A conclusion of negligence on any of these grounds was not unreasonable in law, and would be sufficient to support the verdict irrespective of the sufficiency of proof of the further allegation that the defendant's driver failed to turn to the right of the intersection of the two streets but turned to the left thereof and was negligent in so doing. It was the province of the jury also to determine whether the defendant's servant was confronted with such an emergency, not to be anticipated by the exercise of reasonable care, as to excuse an error of judgment in stopping the car as and when he did, and they might reasonably have resolved this question adversely to the defendant's claims. Horton v. Macdonald, 105 Conn. 356, 365, 135 A. 442.

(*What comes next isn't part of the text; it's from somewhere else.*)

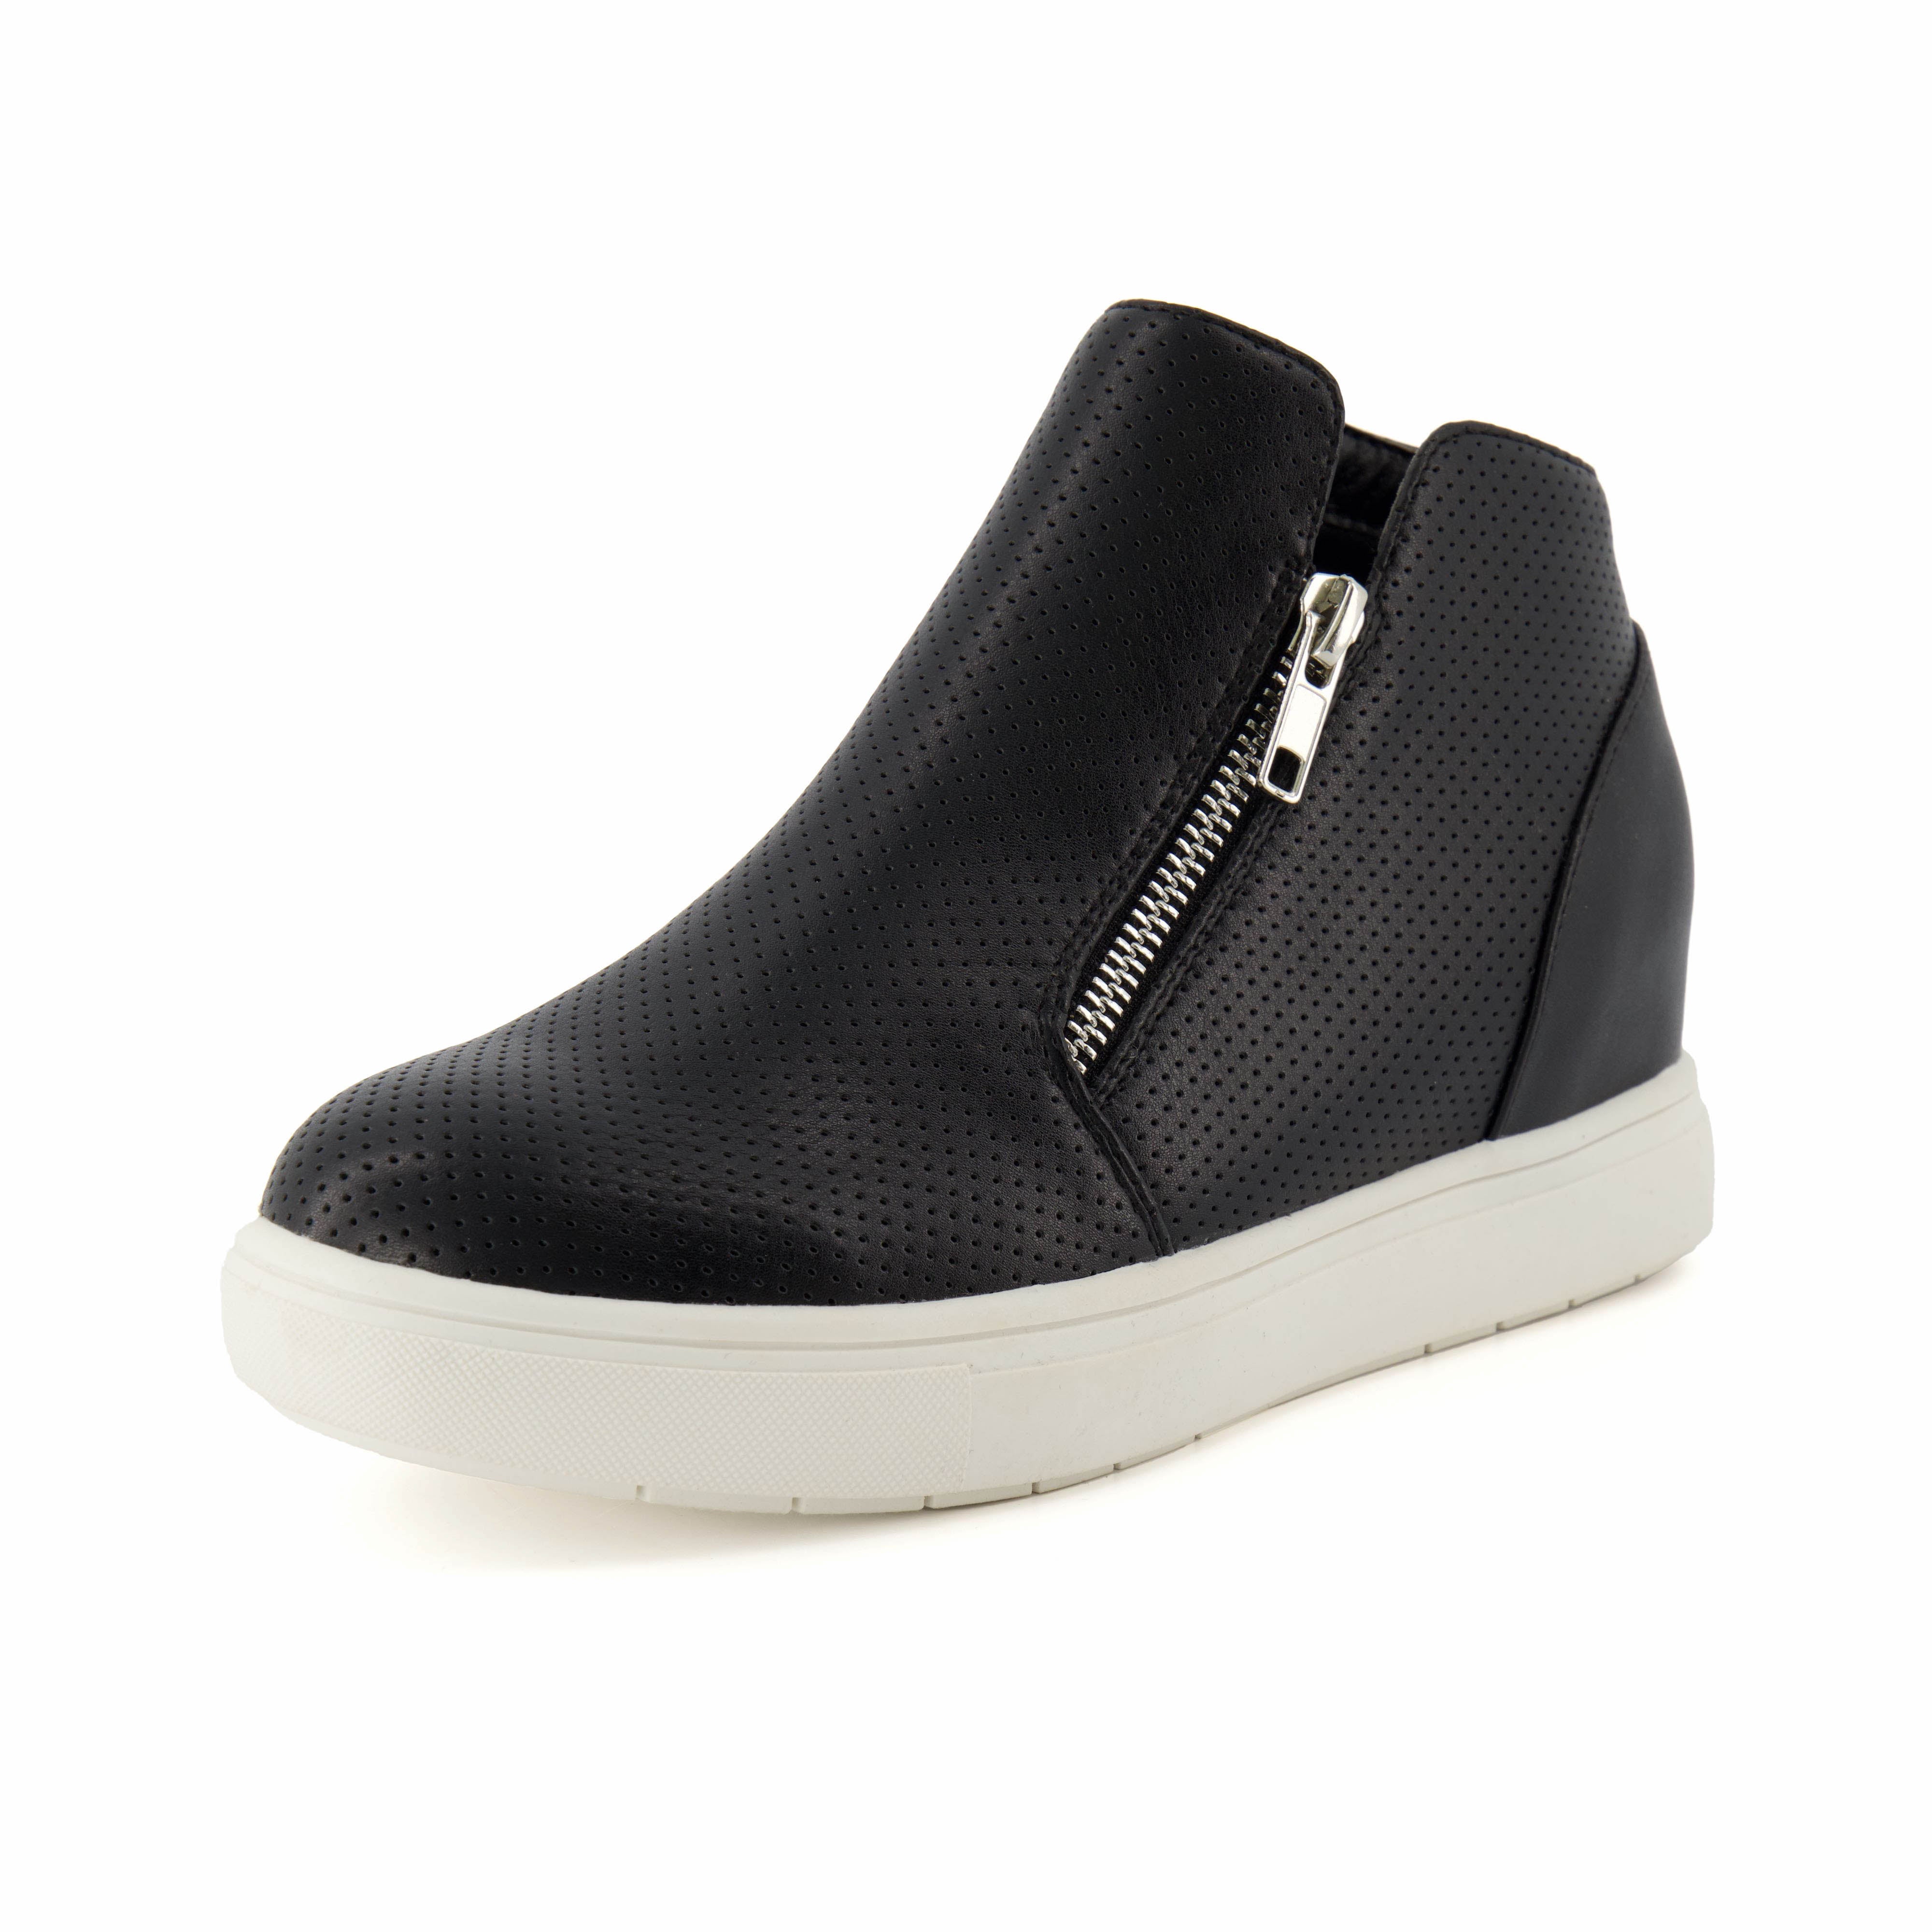 Amazon.com | Women's Formal Wedge Hidden Heel Suede Leather Fashion Sneaker  (Black, 4.5) | Fashion Sneakers

Plaintiff's intestate, John Oginskas, was twelve years of age, the other boy, Carl Uecker, was thirteen. Uecker was riding on the sled, lying on his stomach, and Oginskas lay in a similar position, on top of Uecker. The trial court ruled that the only reasonable conclusion to be reached was that the boys, by reason of the manner in which they were riding, either were not looking ahead or, if they saw the defendant's car, the speed of the sled and the weight of the Oginskas boy on top prevented Uecker from so steering the sled as to avoid the collision, and that the plaintiff's intestate therefore was guilty of contributory negligence defeating recovery. Whatever might be suggested as to any difference of situation, and consequent duty, as between Oginskas, who was in a sense a passenger, and Uecker as the operator of the sled, we are unable to agree that, upon the evidence, the jury were constrained to find, if acting fairly and reasonably, that these boys in so riding were doing other than what naturally might be expected of reasonably intelligent children of their age and understanding, or from reaching a conclusion that failure to change direction of the sled was due to proximity of the car when it turned across the natural and proper course of the sled, rather than failure of the boys to observe conditions or physical inability to control and change such course. On the contrary, we think that the jury might reasonably have found the boys not guilty of contributory negligence. Sedita v. Steinberg, 105 Conn. 1, 10, 134 A. 243.